Do Not Disturb
Are You Their God?
I keep trying with Andrew and I give up.
He sits their and calls me horrible names and I let him and I've been nothing but nice to him but yet he treats me like shit. This is the main reason why I blocked him in the first place and I'll do it again if I have too.
Why can't I see thst he just want sex from me?
He doesn't have " feelings" for me. He doesn't "care" about me and if he did he wouldn't have said that shit he just said in the first place. I'm already stressed out enough and mostly because of him and yet here I am still talking to him when he doesn't even wanna talk to me.
I saw the guy that I still have a crush on get something out of the vending machine while I was in the lobby the other day. I wanna talk to him so badly but at the same time I can't.
Sadly taken. Going on 8 months. Longest relationship I've ever been in thus far.
I couldn't resist getting a Mr. Goodbar out of the vending machine ( gosh I hope I spelled that right) the other day at school. 260 calories it says. But I ate it anyways.
Next Day ~ I unfriended Andrew from Snapchat it's not like he was interested in what I have to do or say anyways.
I honestly wish I never met him in the first place but I guess things happen for a reason. He's blocked from all social media.
I deleted Roblox.. I only downladed because I was bored. I tried making friends didn't go as planned. So, I just deleted it. It seemed more of a little kids game anyways. And I am not a little kid. Buy I can even be invisible in a game.
I will not regret removing Andrew as my " friend" on Snapchat and I know he definently won't either.
He called me a dumb ass and asked me if I had " short term memory loss". He's so cruel in so many ways. I'm glad I did what I did. It's for the best.
He never cared about me or my feelings so why should I to him the same. I hope he ends up lonely and miserable. It's even worse coming from him but then again I wonder if those things are true.
Great... I'm sad now.
I should make a list of things that makes me happy :
2). My dog
7). Friends???? I don't have any.
Sometimes I sound like a little kid when I'm writing. A very emotional little kid that has no job. No nothing.

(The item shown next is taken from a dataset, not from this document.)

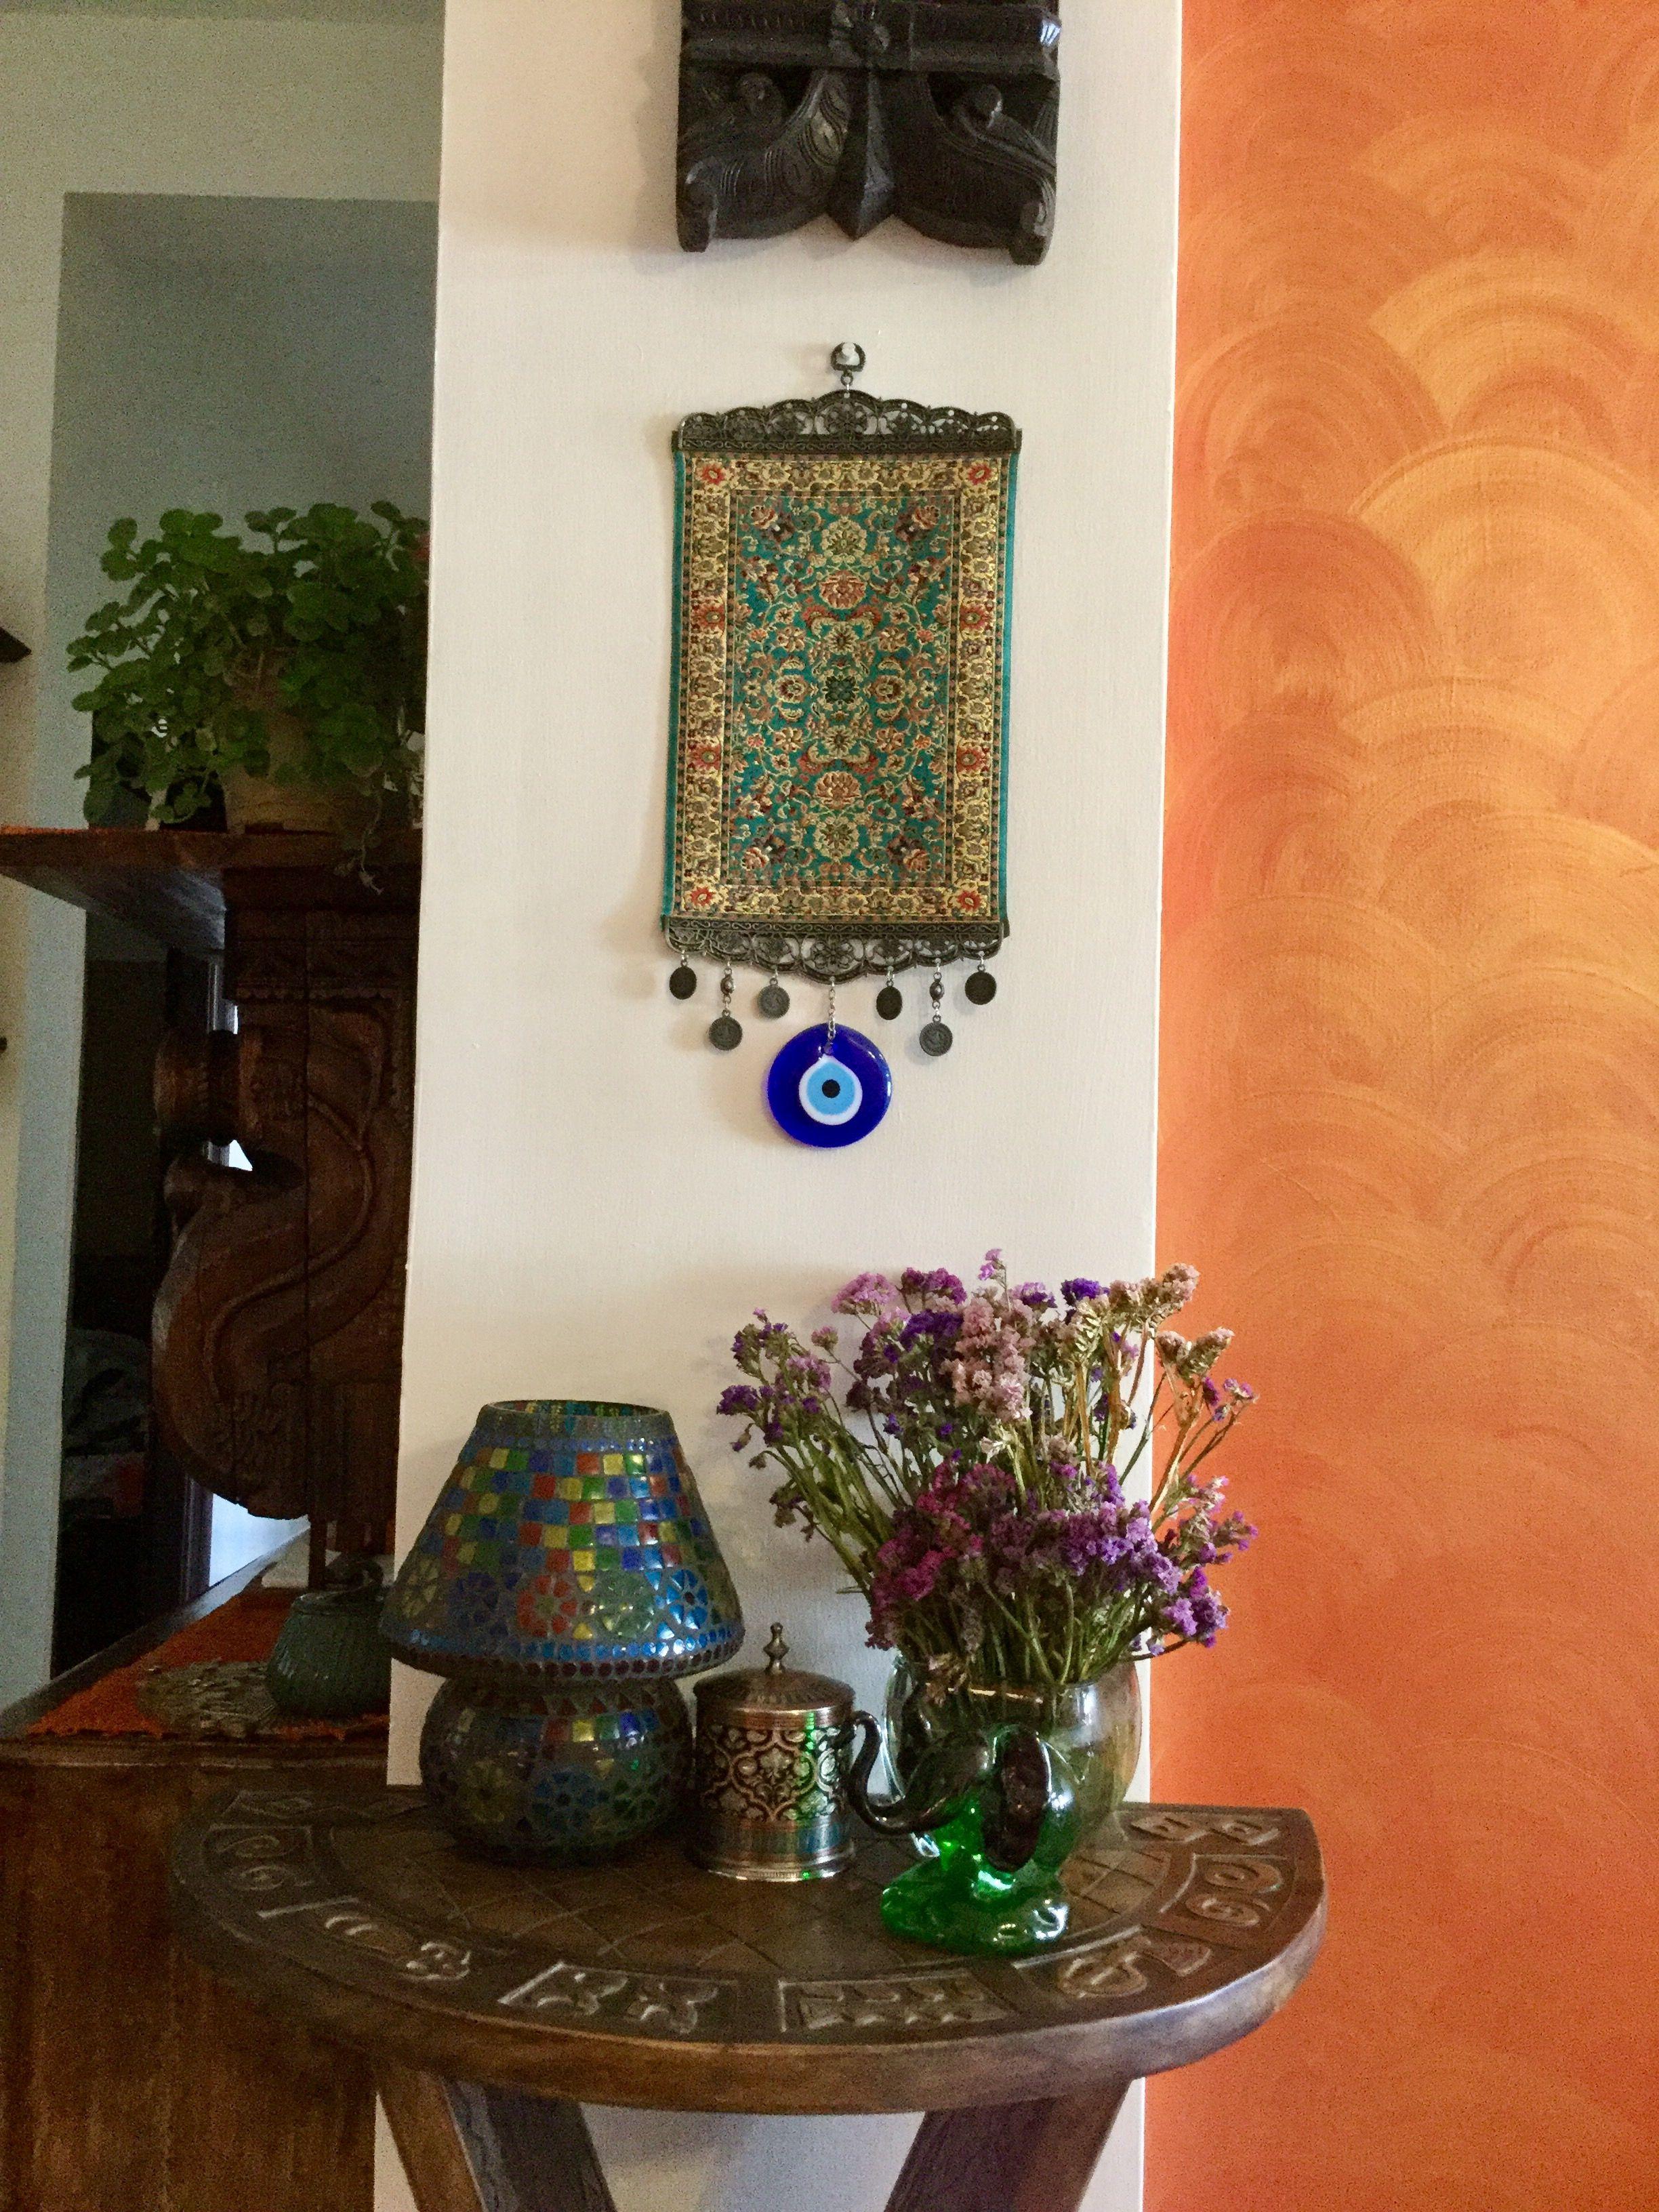 Pin by kamalinipatra on corners | Indian home decor ...

The other day was the first time that I cried this year and not because of some guy ( maybe a little) and to be honest I needed it. I wanna cry until I feel nothing at all.

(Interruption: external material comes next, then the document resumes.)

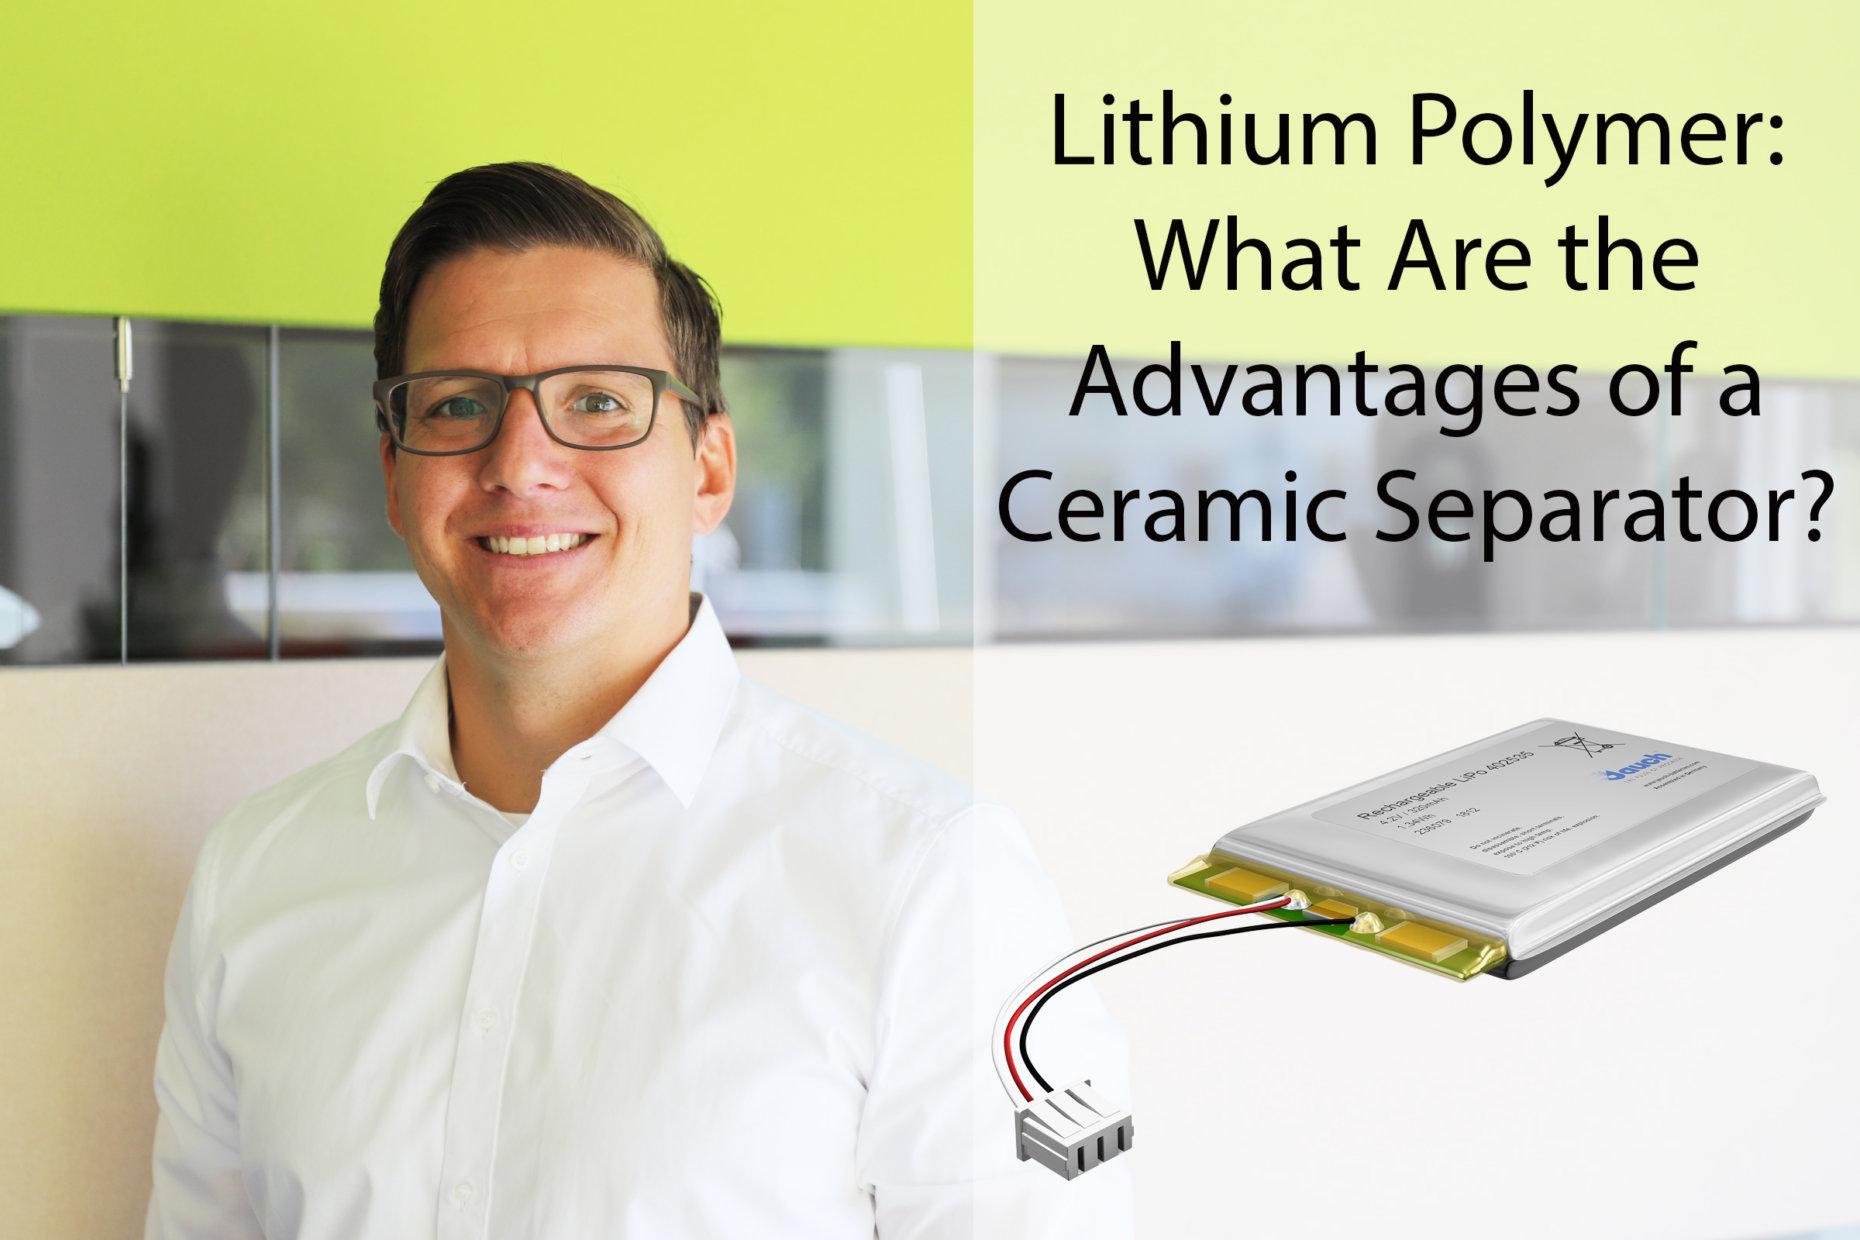 Viktor Sichwardt, Jauch-expert for lithium-polymer batteries

I hate that I'm emotional.
I hate that I let what people say get to me.
I'm 20 years old living with my mom. And in college. Community college.
Will I ever be smart enough to be in an actual college?
Will I ever be able to make it out on my own?
Will I be the famous singer/ songwriter I thought ought to be?
Will I learn how to not be shy?
Will me and my boyfriend last forever if I stop making stupid mistakes?
I know God is watching me and is giving me every little punishment he could think of for my stupid mistakes.
I have this diary/ journal for a reason... To vent... And for my love of writing.
So far 2019 has not been my year.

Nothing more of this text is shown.